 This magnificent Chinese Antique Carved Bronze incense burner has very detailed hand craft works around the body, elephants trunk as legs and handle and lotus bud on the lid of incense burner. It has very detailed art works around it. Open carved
--
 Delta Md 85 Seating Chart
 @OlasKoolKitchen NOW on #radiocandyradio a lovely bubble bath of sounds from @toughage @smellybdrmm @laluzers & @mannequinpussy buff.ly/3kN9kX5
---
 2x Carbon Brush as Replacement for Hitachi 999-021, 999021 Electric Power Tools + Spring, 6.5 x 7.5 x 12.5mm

### Problem details
Give again, word for word, every line of the listing above from the one with "Delta Md 85 Seating Chart" to the one with "NOW on #radiocandyradio", both inclusive, and nothing beyond them.

### Answer box
 Delta Md 85 Seating Chart
 @OlasKoolKitchen NOW on #radiocandyradio a lovely bubble bath of sounds from @toughage @smellybdrmm @laluzers & @mannequinpussy buff.ly/3kN9kX5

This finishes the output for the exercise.